Luna-Perez was charged with two counts of vehicular homicide and assault by auto.
Charges could be added once prosecutors receive the results of an alcohol blood level test.
The Mexican immigrant, who was in the US illegally, had been arrested twice this spring for DUI in Red Bank, NJ — something Pleitez’s niece bemoaned at the wake.
Maria del Carmen Pleitez told The Post her aunt was a hardworking, cat-loving, doting US citizen who immigrated from El Salvador 24 years ago.
“She was a happy person,” Pleitez, 39, said. “She would come to a place, or she would come to our homes, and just bring happiness. She was never angry, never sad. She always had the strength to continue going, and that’s what hurts, because the guy had two DUIs already.”

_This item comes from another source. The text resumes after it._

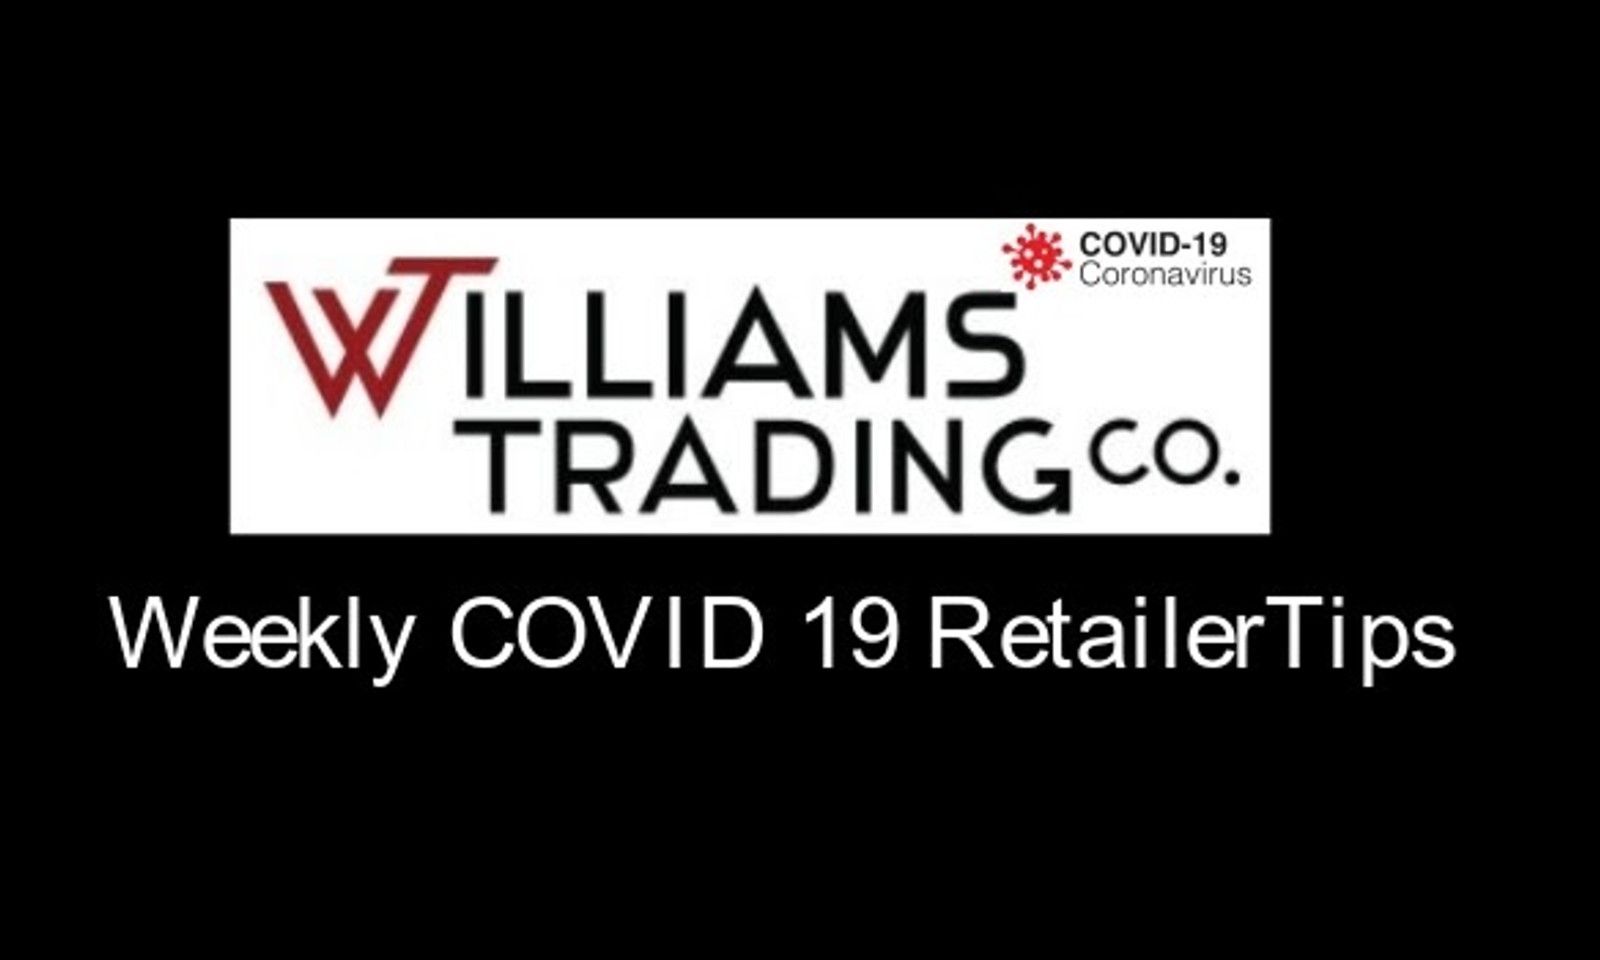 Williams Trading Co. Offers Tips on Better Mental Health

Maria Pleitez spent years working in the painting department of Superior Promotional Bags, a Toms River promotional products supplier, the niece said.
“She was the head of the family,” Maria del Carmen Pleitez said. “She was bringing up her two daughters. She had her own apartment, her own place, and she never asked her help for anything. We loved her.”
Pleitez’s 16-year-old daughter, who stayed home, is heartbroken, she said.
“It’s so hard. We still feel like we can’t digest everything. Like, you wake up in the morning, you think it’s not true.”